TASK INSTRUCTIONS — Could the data below please be reproduced word for word, without the pictures?

PROVIDED MATERIAL —

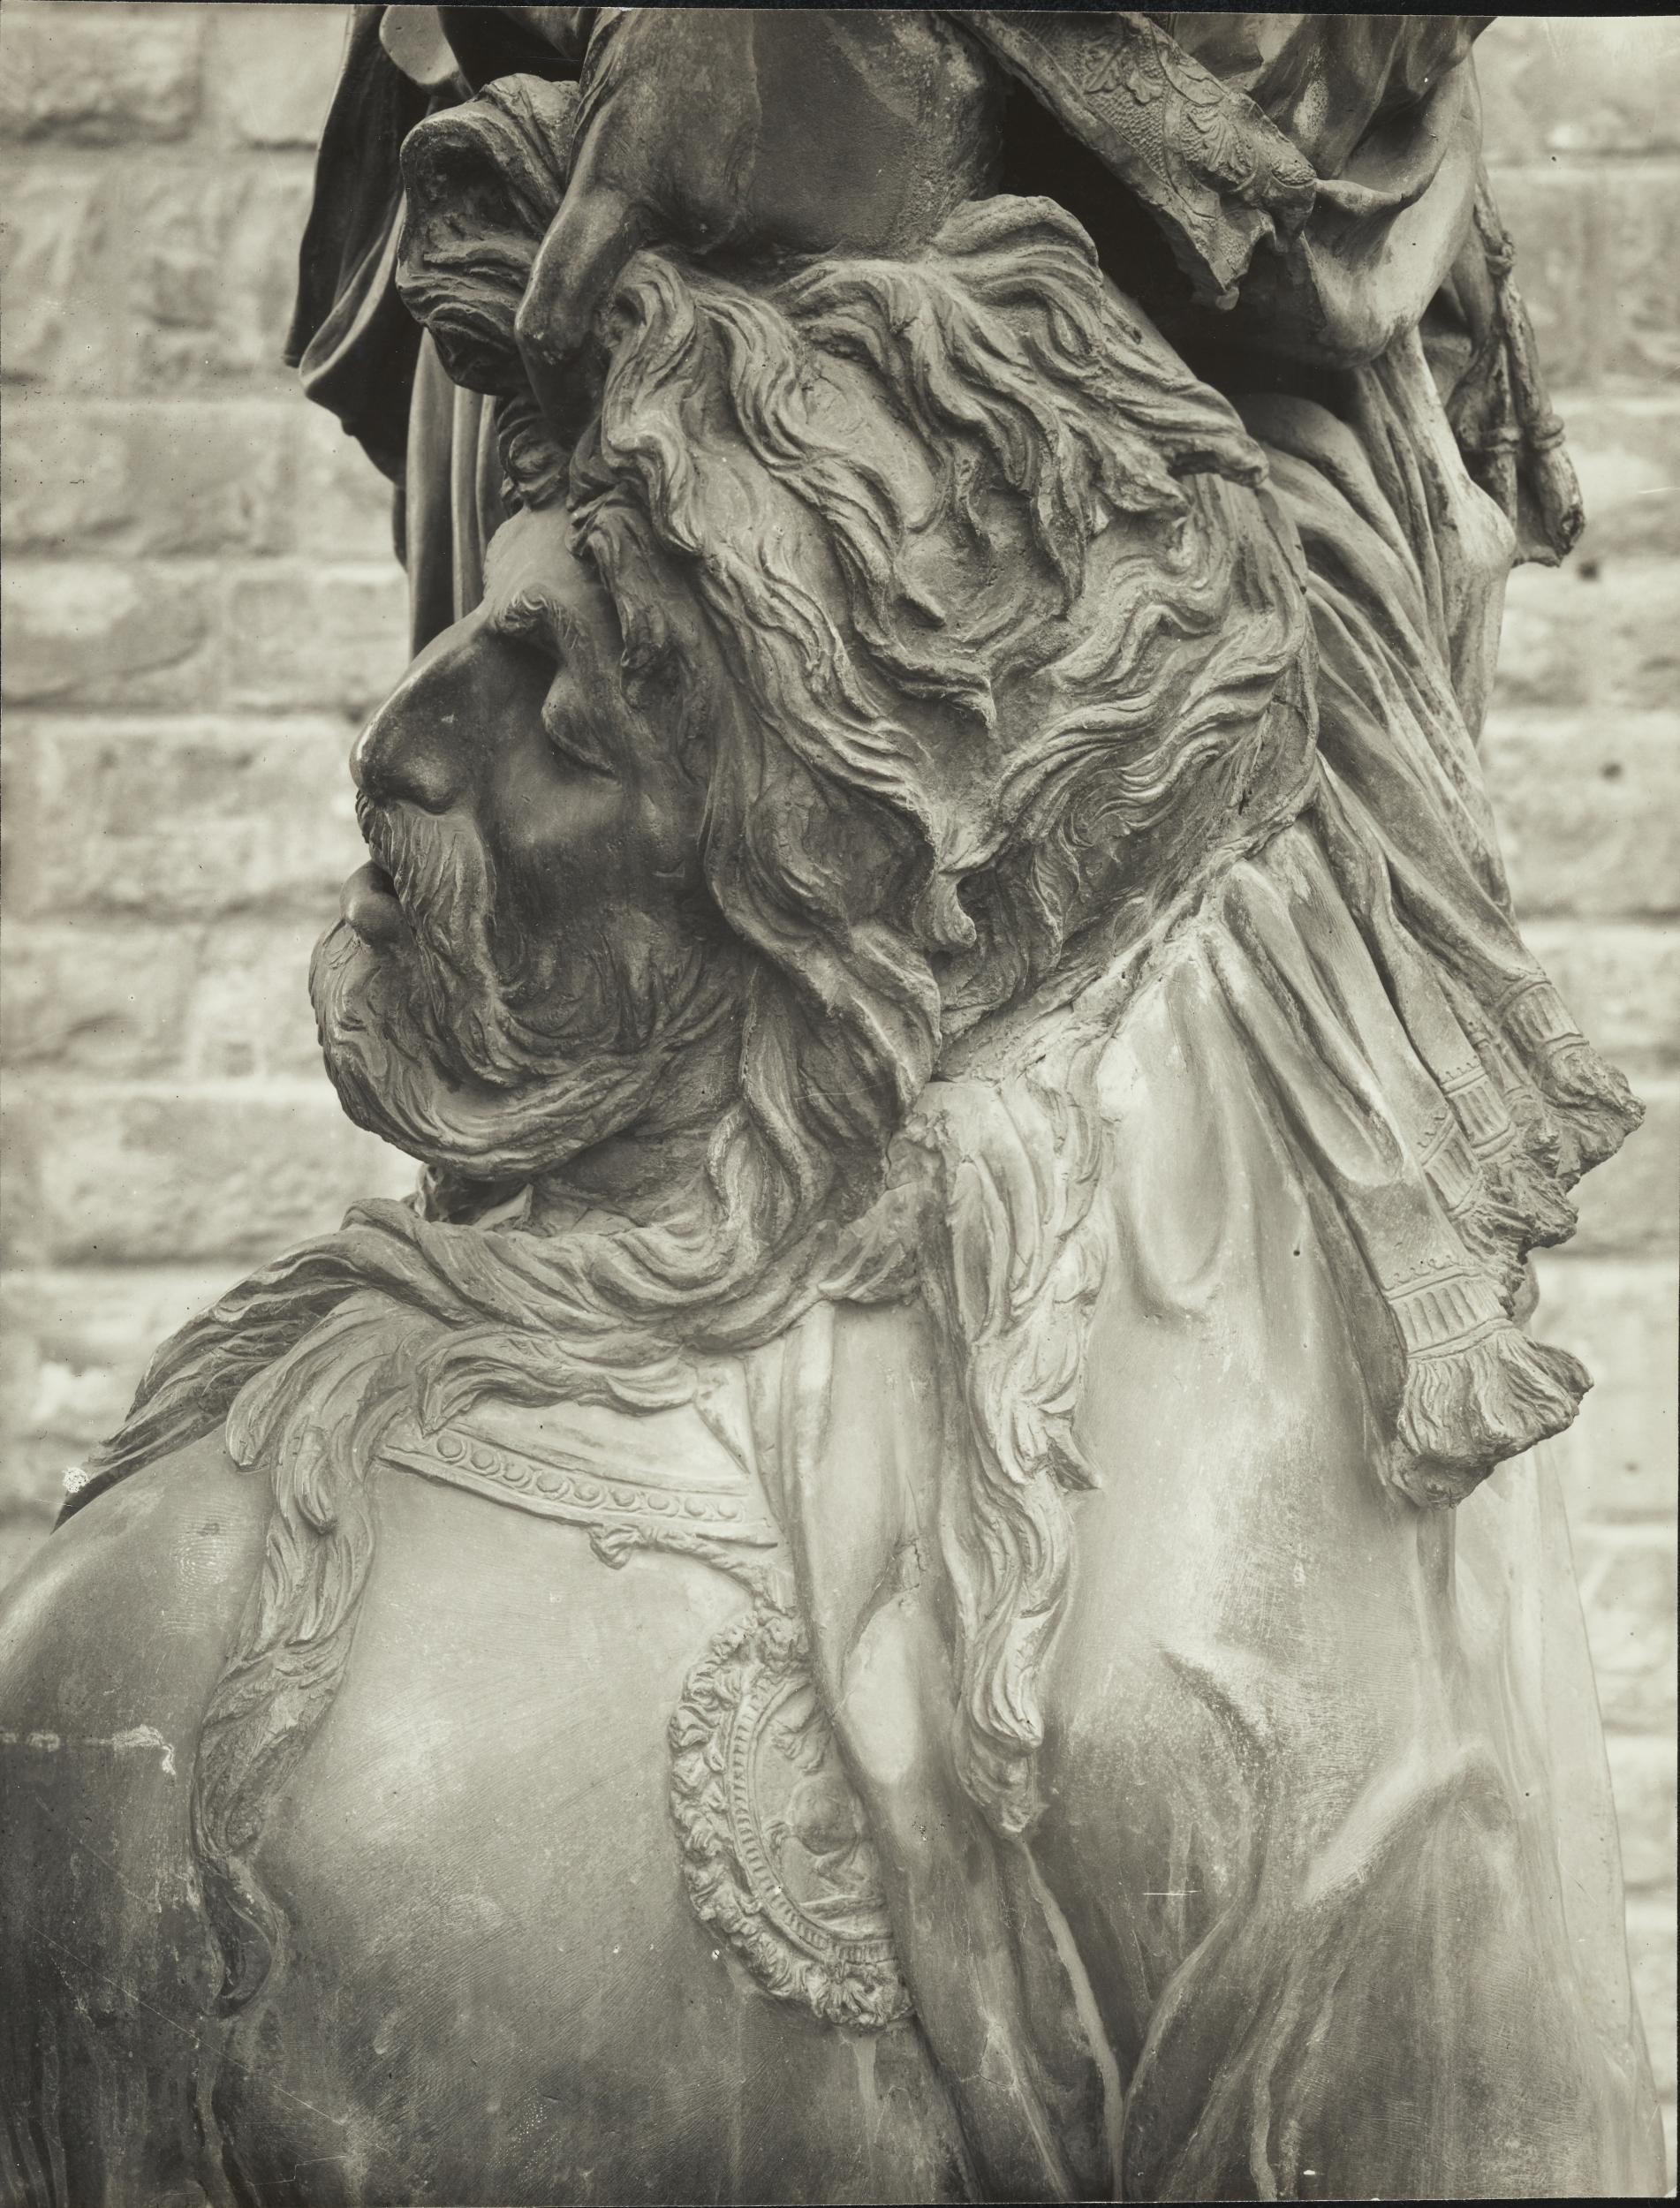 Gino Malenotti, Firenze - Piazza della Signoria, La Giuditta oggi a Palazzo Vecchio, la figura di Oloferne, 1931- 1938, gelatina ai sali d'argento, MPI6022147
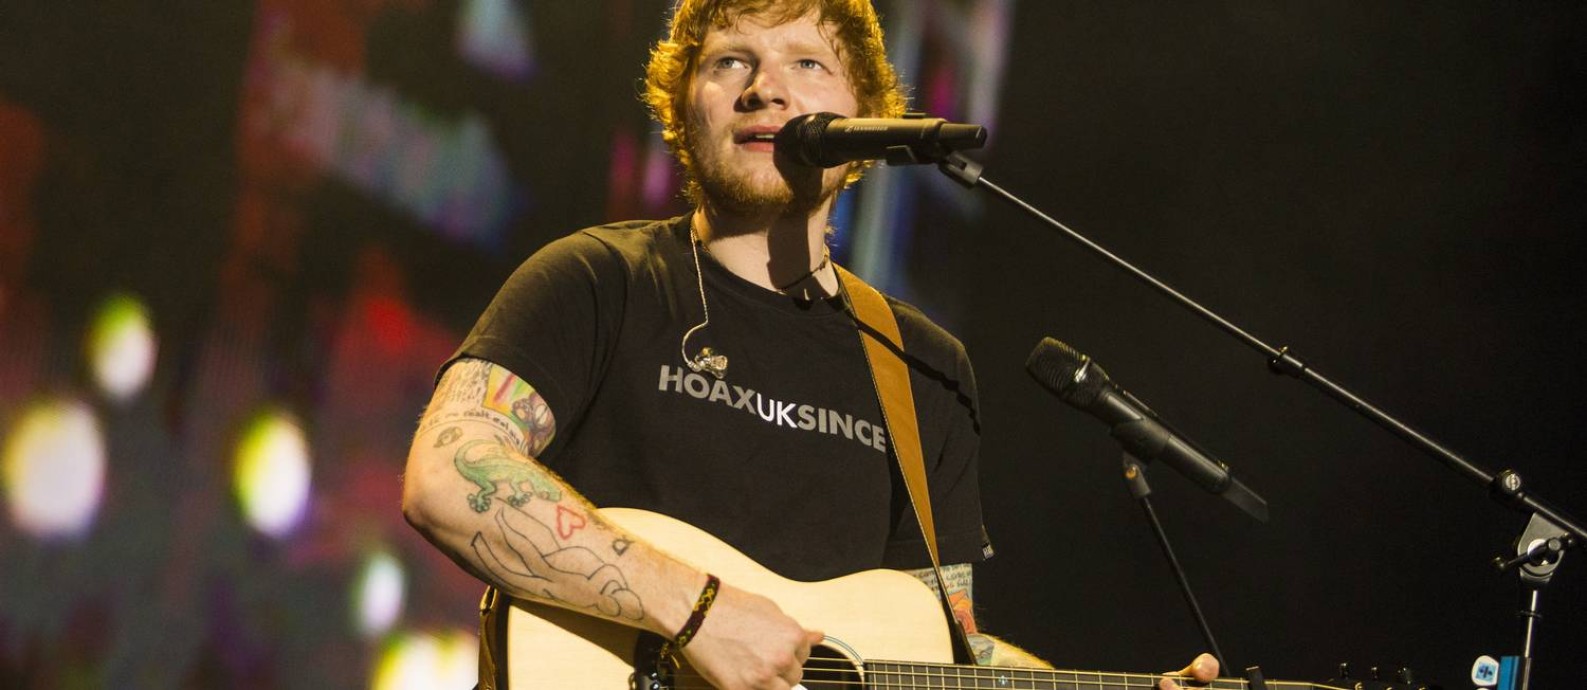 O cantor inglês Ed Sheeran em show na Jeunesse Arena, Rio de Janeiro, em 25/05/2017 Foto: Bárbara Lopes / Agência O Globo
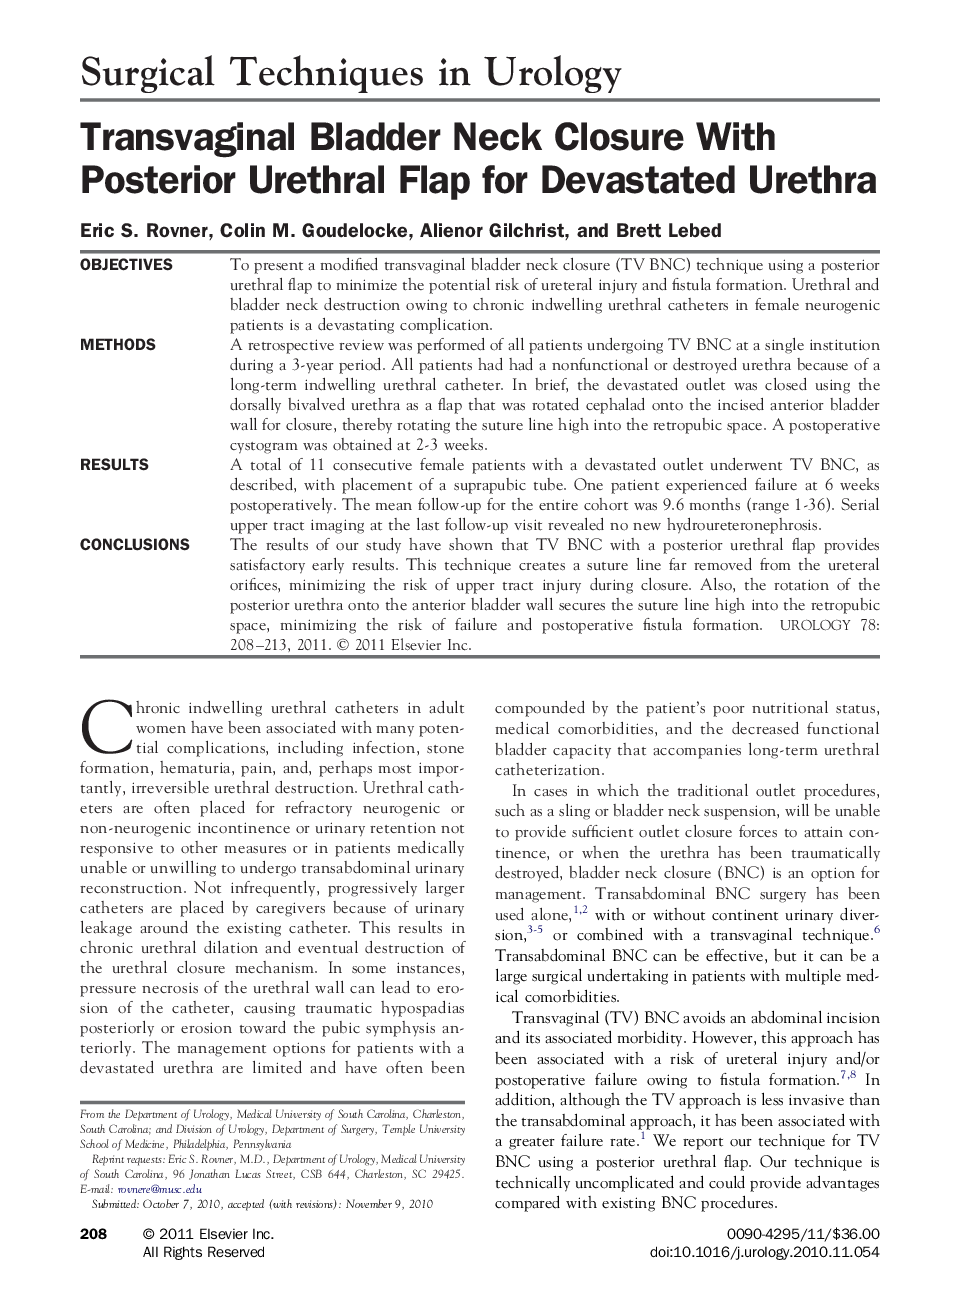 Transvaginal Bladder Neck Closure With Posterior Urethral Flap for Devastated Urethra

FINISHED TASK —
 Gino Malenotti, Firenze - Piazza della Signoria, La Giuditta oggi a Palazzo Vecchio, la figura di Oloferne, 1931- 1938, gelatina ai sali d'argento, MPI6022147
 O cantor inglês Ed Sheeran em show na Jeunesse Arena, Rio de Janeiro, em 25/05/2017 Foto: Bárbara Lopes / Agência O Globo
 Transvaginal Bladder Neck Closure With Posterior Urethral Flap for Devastated Urethra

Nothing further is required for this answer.